Wouldn't it be safer to use a larger value (e.g., 100) for --status-interval?
With a very small interval, the status feedback might happen before
the walsender is terminated and pg_recvlogical reconnects, which could
prevent the duplicate data from appearing even without the patch.

+use IPC::Run qw(start);
<snip>
+my $recv = start [

For simplicity, would it be better to avoid "use IPC::Run qw(start)" and
just call "IPC::Run::start" directly?

+# Wait only for initial connection
+$node->poll_query_until('postgres',
+    "SELECT active_pid IS NOT NULL FROM pg_replication_slots WHERE
slot_name = 'reconnect_test'");

This is unlikely, but pg_recvlogical's connection could be terminated
immediately after connecting, before receiving any data. If that happens,
the test might behave unexpectedly. To make the test more robust,
should we instead poll on:

        SELECT pg_read_file('$outfile') ~ 'INSERT'

instead, to ensure that some data has actually been received before
terminating the backend?


> Secondly I noticed in function sendFeedback at line 166, the startpos is
> set to output_written_lsn. This seems to counter conceptually the change
> you made in the patch, however it seems to not affect correctness. Shall
> we remove this line as to avoid confusion?

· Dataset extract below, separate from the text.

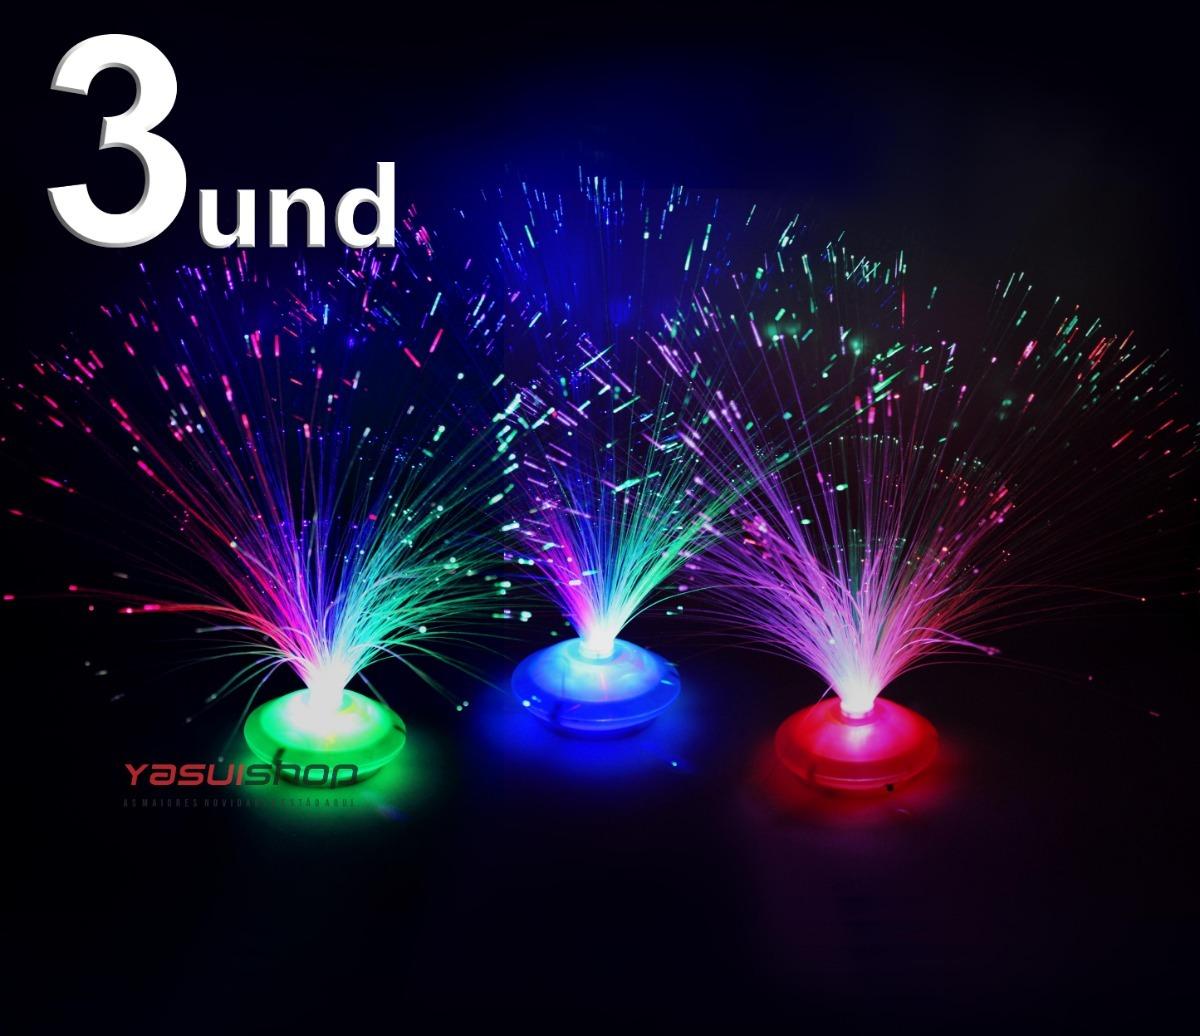 bf80064387952 abajur luz fibra optica luminarias de mesa enfeite decoracao. Carregando  zoom.

Isn't this necessary when - is specified for --file, causing OutputFsync() to
be skipped?

Regards,

--
Fujii Masao

Hi,

On 25/11/2025 17:16, Fujii Masao wrote:
> Thanks for writing the test case and turning it into a patch. I agree that
> we should add a regression test to ensure the reported issue doesn't recur.
Thanks for your feedback, updated patch is attached. Again, I checked 
that it fails in master, but passes with your patch.
> It looks like the v1 patch you attached accidentally includes
> the patch file itself. Could you remove that?
Whoops, not sure what happened there, fixed.
> +    '--fsync-interval', '1',
> +    '--status-interval', '1',
>
> Wouldn't it be safer to use a larger value (e.g., 100) for --status-interval?
> With a very small interval, the status feedback might happen before
> the walsender is terminated and pg_recvlogical reconnects, which could
> prevent the duplicate data from appearing even without the patch.
Yes indeed good one. I actually had it set to 60 in the previous version 
I sent earlier.

> +use IPC::Run qw(start);
> <snip>
> +my $recv = start [
>
> For simplicity, would it be better to avoid "use IPC::Run qw(start)" and
> just call "IPC::Run::start" directly?
Indeed, done.

> +# Wait only for initial connection
> +$node->poll_query_until('postgres',
> +    "SELECT active_pid IS NOT NULL FROM pg_replication_slots WHERE
> slot_name = 'reconnect_test'");
>
> This is unlikely, but pg_recvlogical's connection could be terminated
> immediately after connecting, before receiving any data. If that happens,
> the test might behave unexpectedly. To make the test more robust,
> should we instead poll on:
>
>          SELECT pg_read_file('$outfile') ~ 'INSERT'
>
> instead, to ensure that some data has actually been received before
> terminating the backend?

> +# Wait only for initial connection
> +$node->poll_query_until('postgres',
> +    "SELECT active_pid IS NOT NULL FROM pg_replication_slots WHERE
> slot_name = 'reconnect_test'");
>
> This is unlikely, but pg_recvlogical's connection could be terminated
> immediately after connecting, before receiving any data. If that happens,
> the test might behave unexpectedly. To make the test more robust,
> should we instead poll on:
>
>          SELECT pg_read_file('$outfile') ~ 'INSERT'
>
> instead, to ensure that some data has actually been received before
> terminating the backend?
>
>
>
>> Secondly I noticed in function sendFeedback at line 166, the startpos is
>> set to output_written_lsn. This seems to counter conceptually the change
>> you made in the patch, however it seems to not affect correctness. Shall
>> we remove this line as to avoid confusion?
> Isn't this necessary when - is specified for --file, causing 
> OutputFsync() to be skipped? Regards, 
Yes, for sure. Would really like to avoid introducing flake in CI due to 
this test.

> Isn't this necessary when - is specified for --file, causing 
> OutputFsync() to be skipped? 
Upon another look, indeed. When writing to a regular file (--file -) 
that assignment is redundant but harmless. But like you said, when 
writing to stdout, without that line, startpos would never be updated.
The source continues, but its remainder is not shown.